PXB17 inhibits CSF1R activation (IC50= 1.7 nM) by blocking the PI3K/AKT/mTORC1 signaling pathway. It is effective orally, significantly suppresses the growth of colorectal cancer (CRC), enhances the efficacy of PD-1 monoclonal antibodies (PD-1mAb), and reduces the recurrence of CRC tumors.

PXB17, when applied in concentrations ranging from 30 to 3000 nM for 4 hours, enhances the stability of CSF1R in a dose-dependent manner. At 30 and 100 nM over 24 hours, PXB17 inhibits cholesterol biosynthesis and promotes the transformation of the M2 phenotype to the M1 phenotype by blocking PI3K-AKT-mTORC1 signaling, thereby hindering the progression of CRC. Additionally, at concentrations of 10, 30, and 100 nM over 72 hours, PXB17 increases the expression of CD69 in CD8+ T cells, helping to prevent the growth of CRC cells by boosting antitumor immunity.
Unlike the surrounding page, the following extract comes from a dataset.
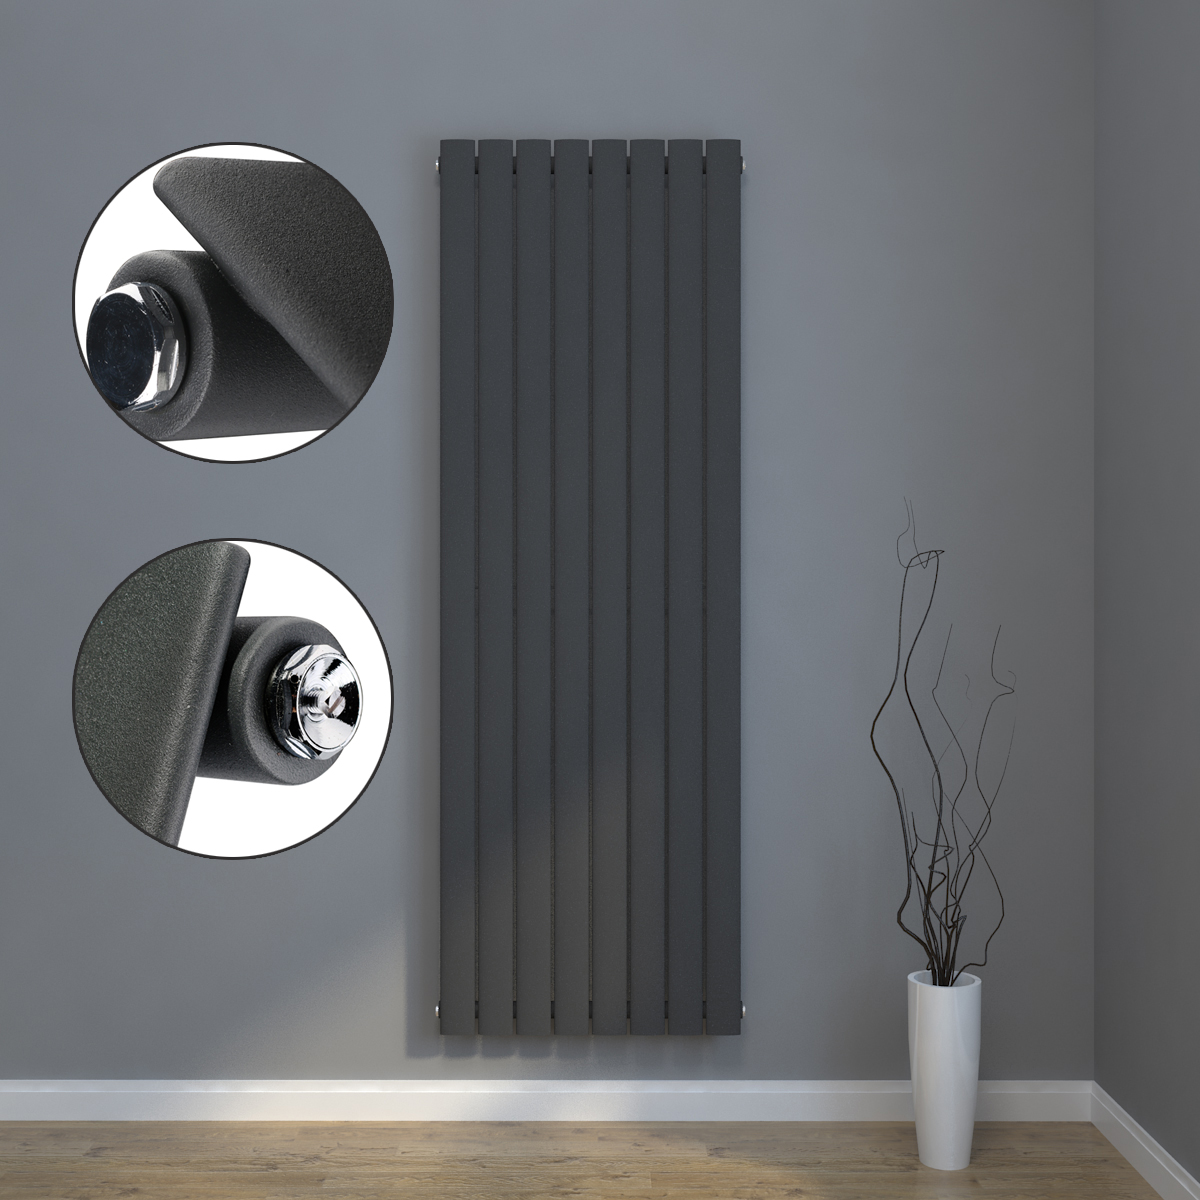 design flach heizk rper badheizk rper mittelanschluss heizk rper wandheizk rper ebay. Black Bedroom Furniture Sets. Home Design Ideas

PXB17 administered orally at doses of 10 and 20 mg/kg daily effectively suppresses tumor growth in C57BL/6 mice inoculated with MC-38 cells. In C57BL/6 and BALB/c mice with MC-38 cell inoculation, PXB17 affects tumor cell survival and proliferation by directly inhibiting CSF1R and modulating the cholesterol biosynthesis pathway, while also reshaping the tumor microenvironment by altering macrophage phenotypes. Concurrent administration of PXB17 (20 mg/kg; p.o.; daily) with PD-1 mAb enhances antitumor efficacy in CT-26 (MSS) and MC-38 (MSI-H) mouse models and reduces recurrence.